Cell Amplifier Headroom Under Extreme Cell Imbalance

For cell voltages across (VC1 – VC0) that are less than approximately 2.64 V, extreme cell-voltage imbalances between (VC1 – VC0) and (VC2 – VC1) can lead to a loss of gain in the (VC2 – VC1) amplifier. The cell imbalance at which the loss of gain occurs is determined by Equation 3:

Equation 3. BQ76925 EQ3_vc2_lusam9.gif

Assuming VC0 = VSS, it can be seen that when (VC1 – VC0) > 2.64 volts, the voltage across (VC2 – VC1) can range up to the limit of 4.4 V without any loss of gain. At the minimum value of (VC1 – VC0) = 1.4 V, an imbalance of more than 900 mV is tolerated before any loss of gain in the (VC2 – VC1) amplifier. For higher values of (VC1 – VC0), increasingly large imbalances are tolerated. For example, when (VC1 – VC0) = 2.0 V, an imbalance up to 1.33 V (that is, (VC2 – VC1) = 3.33 V) results in no degradation of amplifier performance.

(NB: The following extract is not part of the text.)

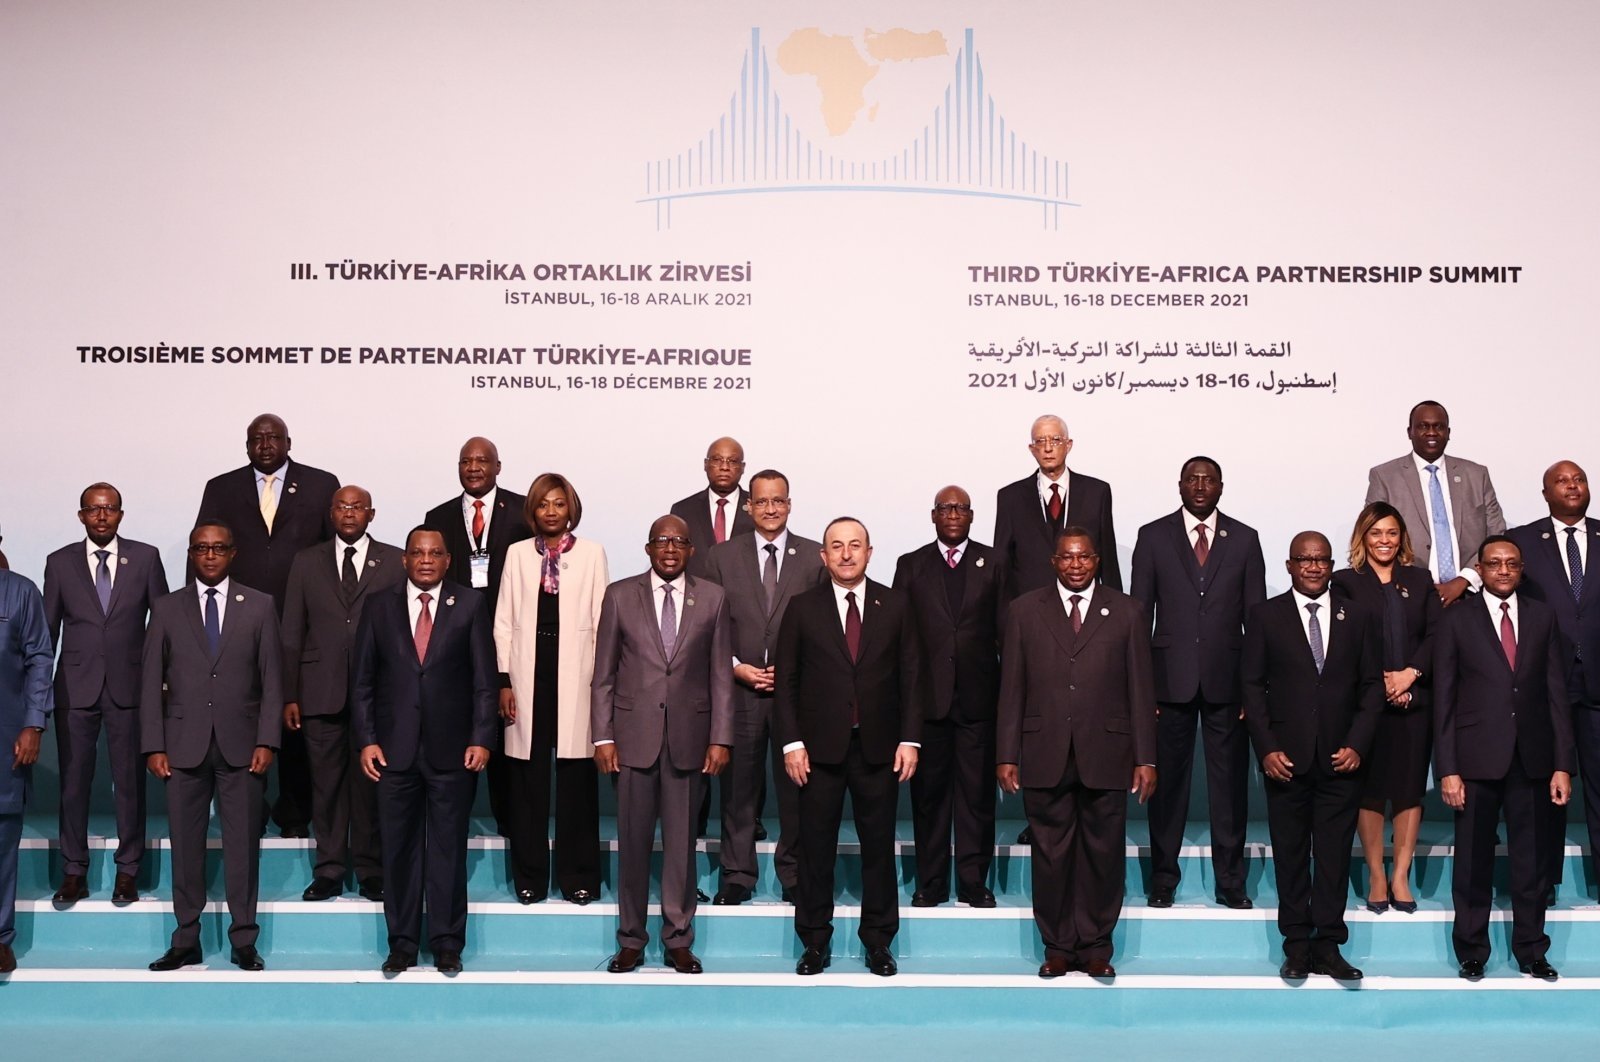 Foreign Minister Mevlüt Çavuşoğlu (C) and visiting foreign ministers at the third Turkey-Africa Partnership Summit in Istanbul, Turkey, Dec. 17, 2021. (AA Photo)

Normally, cell imbalances greater than 900 mV will signal a faulty condition of the battery pack and its use should be discontinued. The loss of gain on the second cell input does not affect the ability of the system to detect this condition. The gain fall-off is gradual so that the measured imbalance will never be less than the critical imbalance set by Equation 3.

Therefore, if the measured (VC2 – VC1) is greater than (VC1 – VSS) / 0.6, a severe imbalance is detected and the pack should enter a fault state which prevents further use. In this severe cell imbalance condition comparisons of the measured (VC2 – VC1) to any overvoltage limits will be optimistic due to the reduced gain in the amplifier, further emphasizing the need to enter a fault state.